§ **About this task**
The material below holds pictures; leave them out, and copy exactly, and only, the lines from the one with "Żarówki samochodowe LED" through the last.

═════ Input data ═════

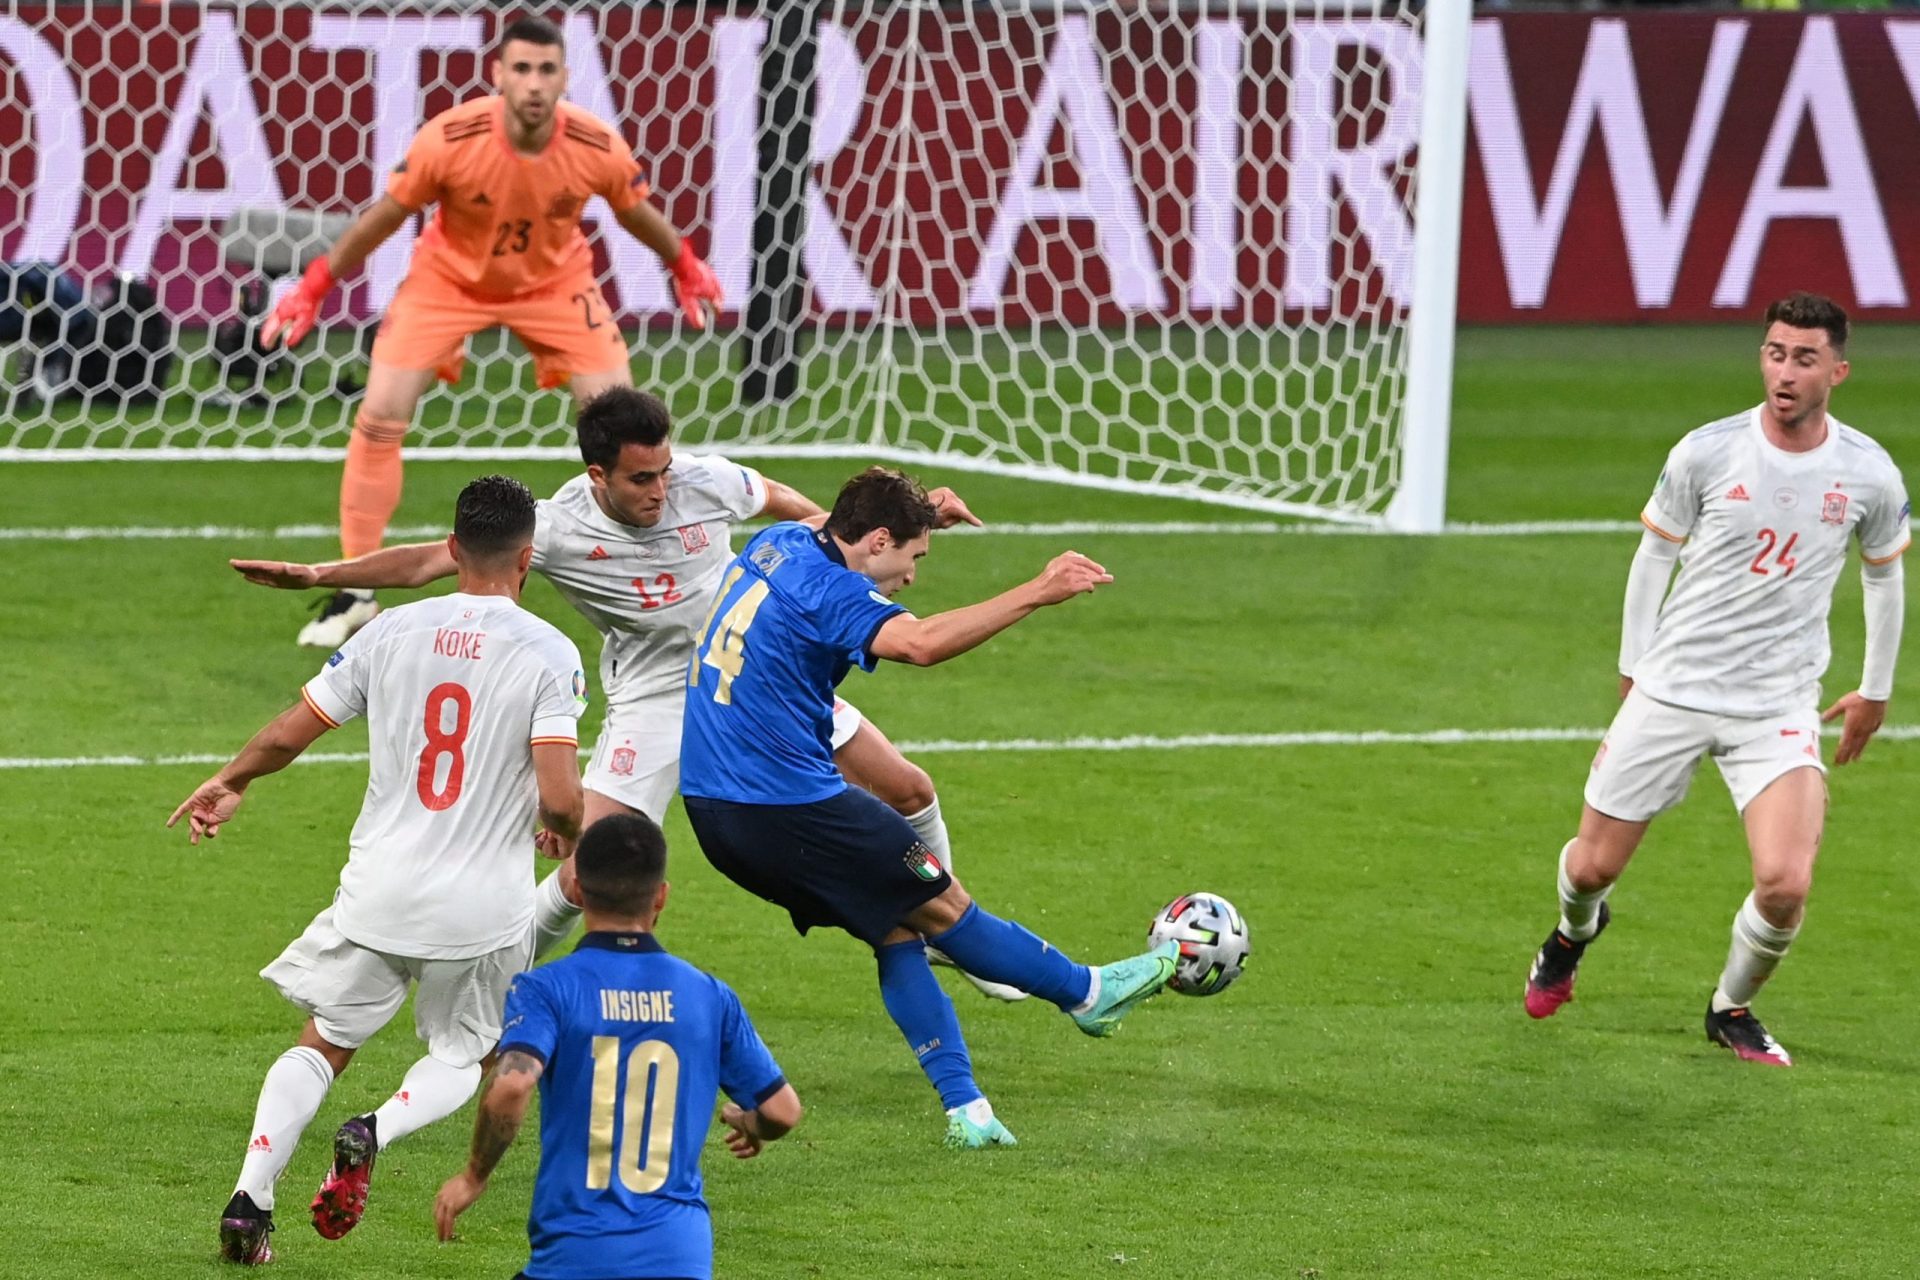 Itália está na final do Euro’2020 depois de vencer Espanha nas grandes penalidades
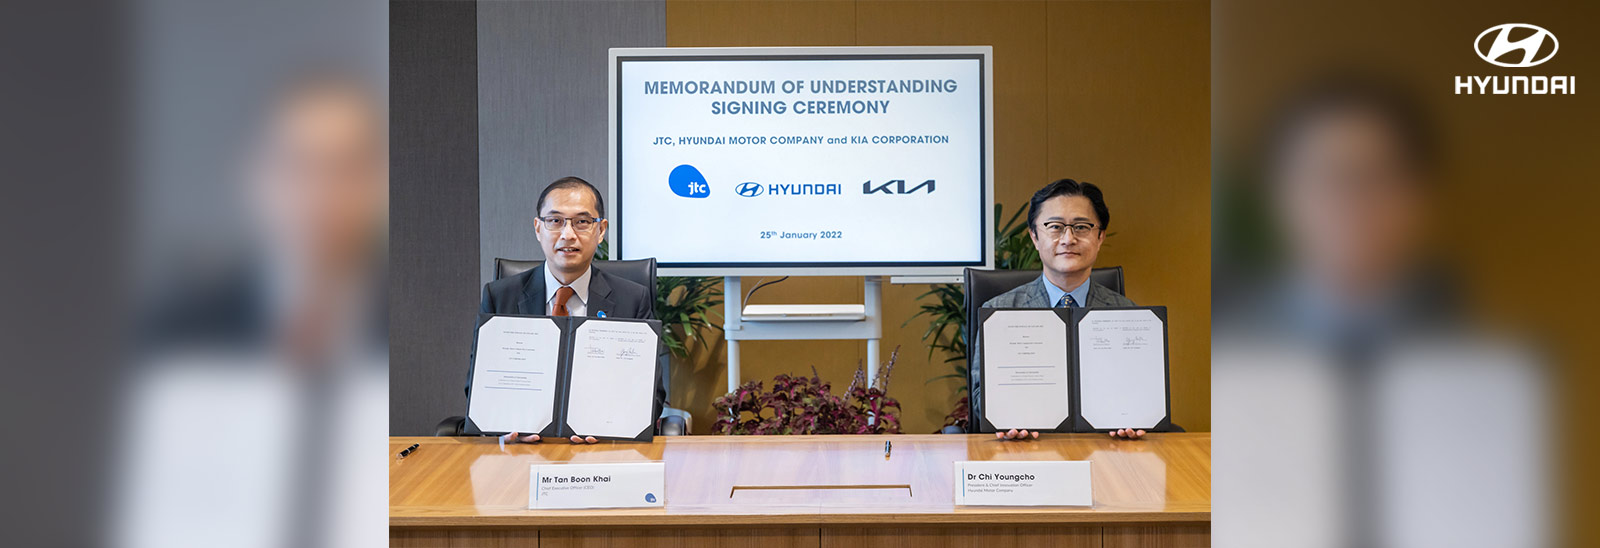 JTC y Hyundai Motor Group anunciaron que firmaron un Memorando de Entendimiento para desarrollar en conjunto opciones de movilidad optimizadas para los parques industriales y comerciales de próxima generación de Singapur.
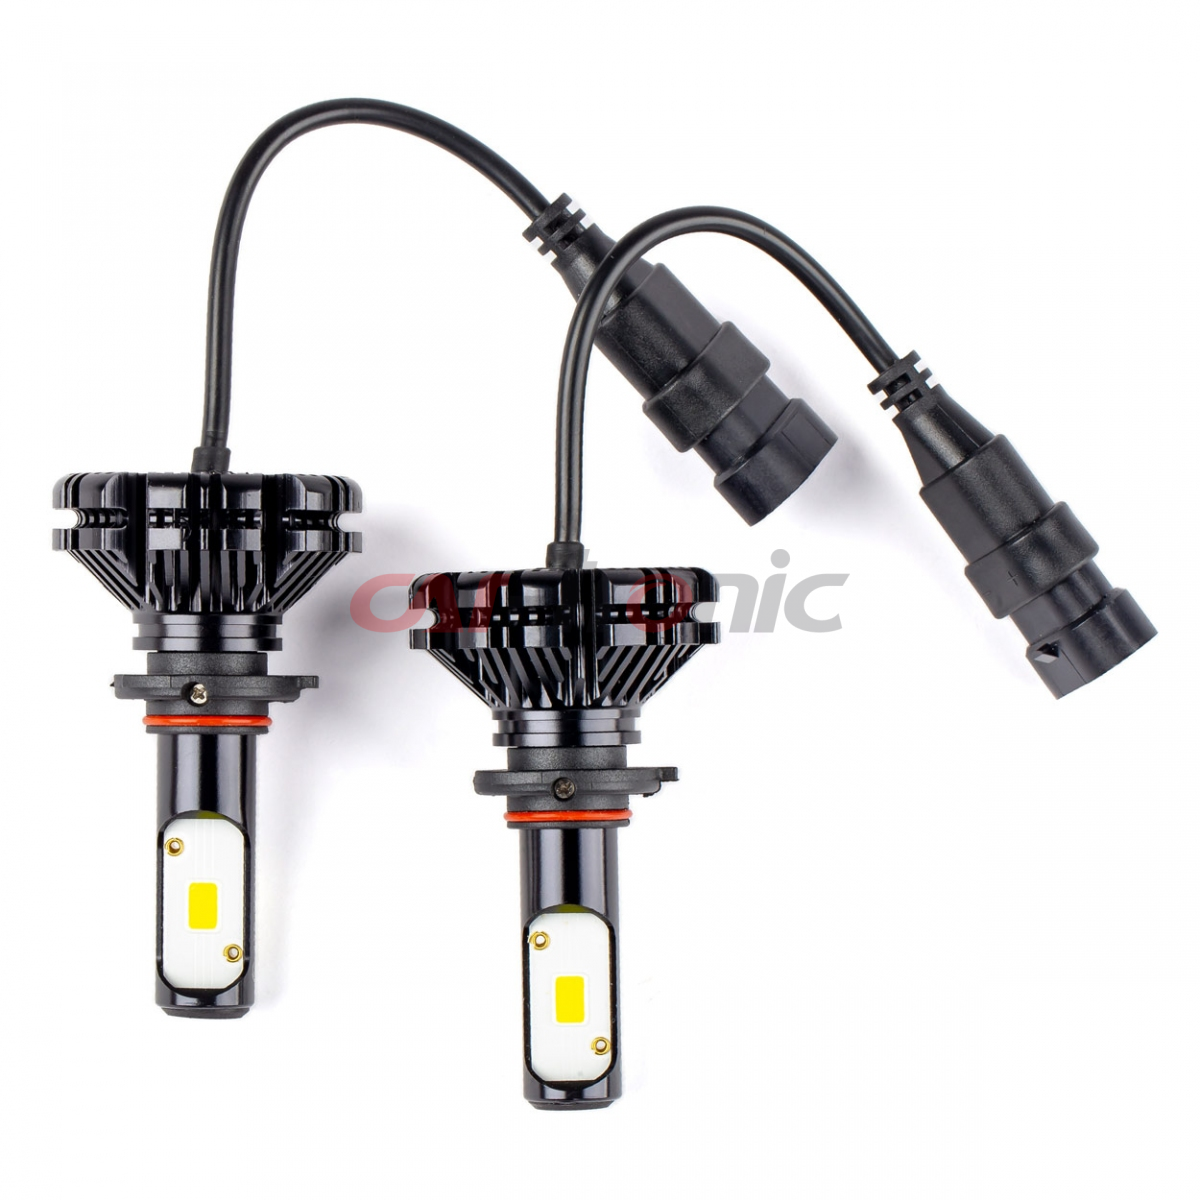 Żarówki samochodowe LED CX Series HB3 9005 AMIO-01078
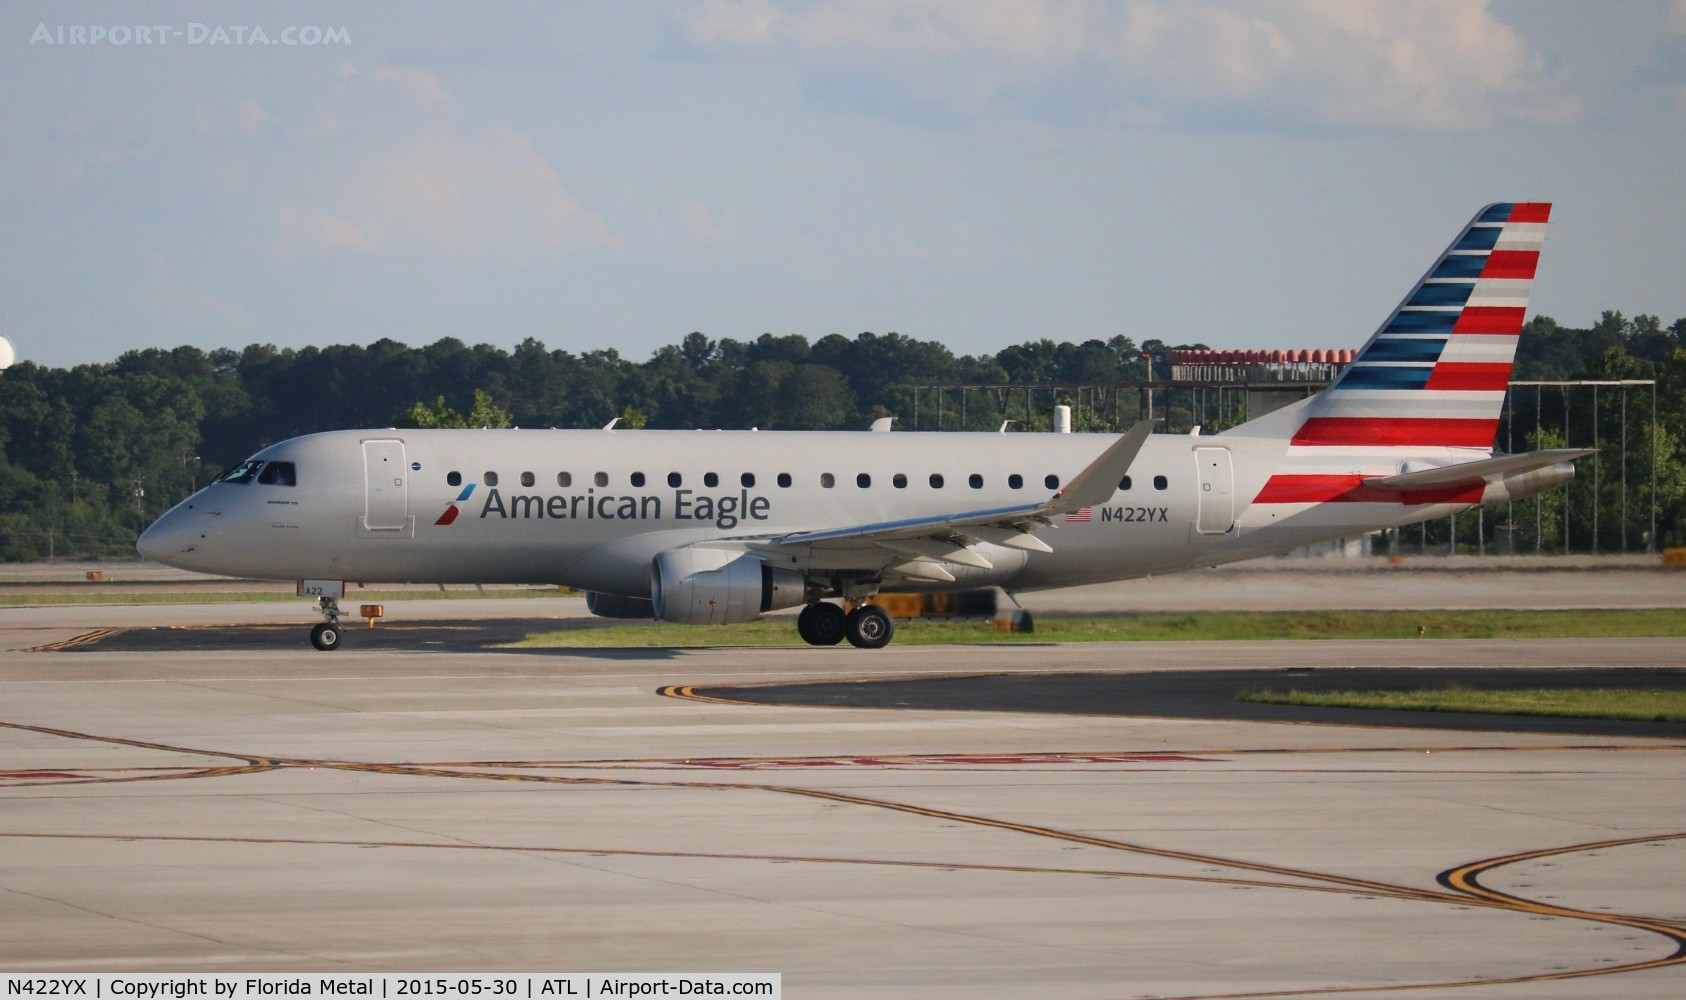 N422YX, 2014 Embraer 175LR (ERJ-170-200LR) C/N 17000387, American Eagle

═════

§ **Response area**
 Żarówki samochodowe LED CX Series HB3 9005 AMIO-01078
 N422YX, 2014 Embraer 175LR (ERJ-170-200LR) C/N 17000387, American Eagle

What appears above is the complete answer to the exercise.